In the treatment of movement disorders like Parkinson’s disease, doctors often use what is known as deep brain stimulation (DBS), in which implanted electrodes stimulate a patient’s brain. Functional Magnetic Resonance Imaging (fMRI) is an essential tool for mapping brain activity in such patients. Combining DBS with fMRI could lead to significantly improved imaging of brain activity, and a team of Chinese researchers have tested the use of graphene fiber-based electrodes to make it possible.
According to Physics World, the team has tested their method on rats with Parkinson’s, managing to successfully improve their movement capabilities using DBS in conjunction with the graphene fiber electrodes.
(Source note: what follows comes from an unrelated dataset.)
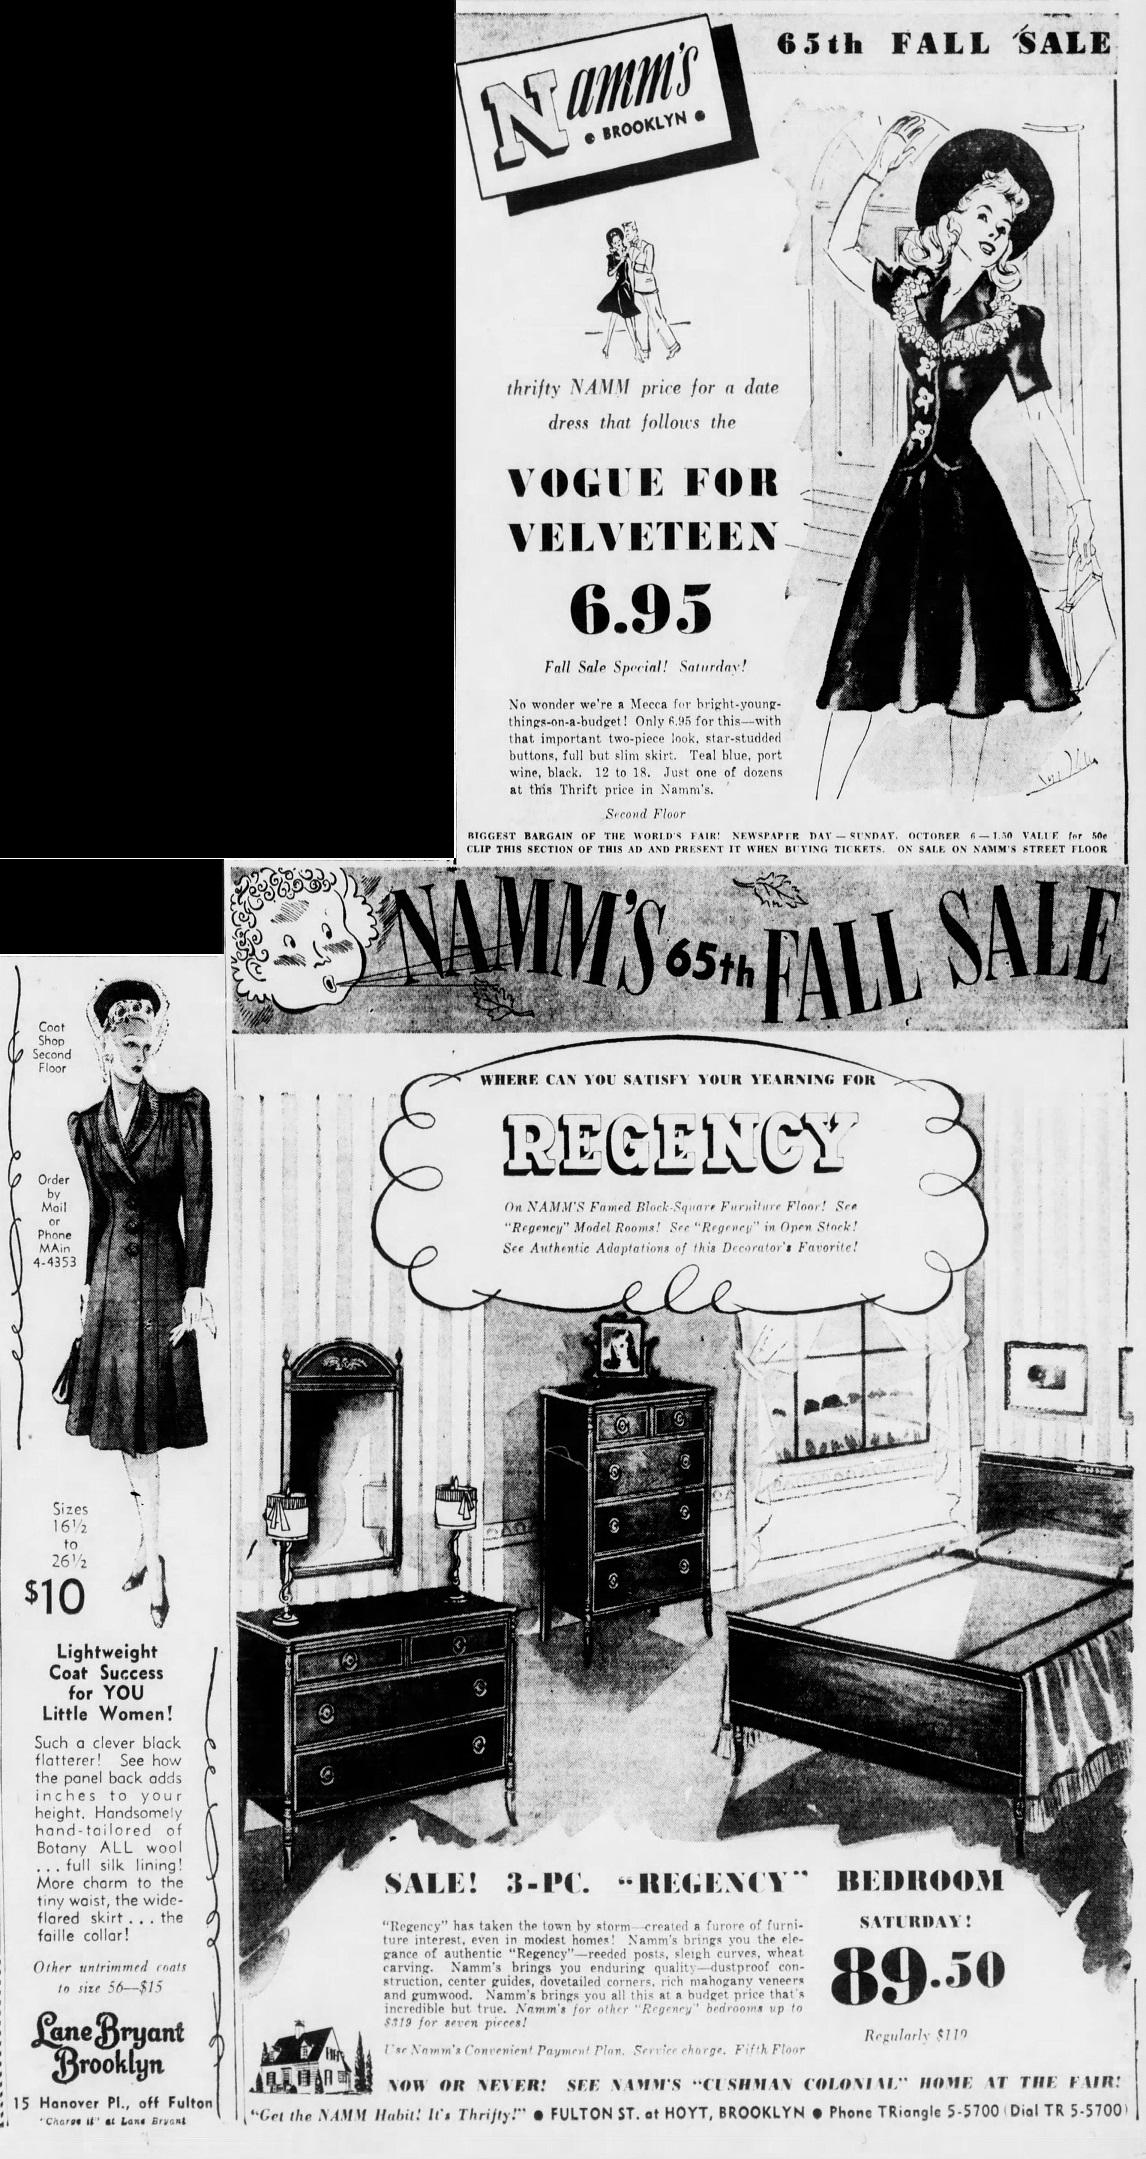 The_Brooklyn_Daily_Eagle_Fri__Sep_27__1940_(1).jpg

The MRI images produced using the graphene fiber electrodes were significantly cleaner and clearer than those using traditional platinum-iridium electrodes of the same size.
“The GF electrodes caused minimal interference to the magnetic field, and their presence would not cause significant attenuation in fMRI signals, thus enabling a full and unbiased mapping of the activation pattern under DBS–fMRI studies,” the researchers wrote in their study, recently published in Nature Communications. “Such advantage is critical for exploring the neuromodulatory effects and mechanisms of DBS therapies.”
The team hopes to eventually use the graphene fiber electrodes for further DBS-fMRI treatment for other brain conditions, including forms of depression that traditional methods have failed to treat.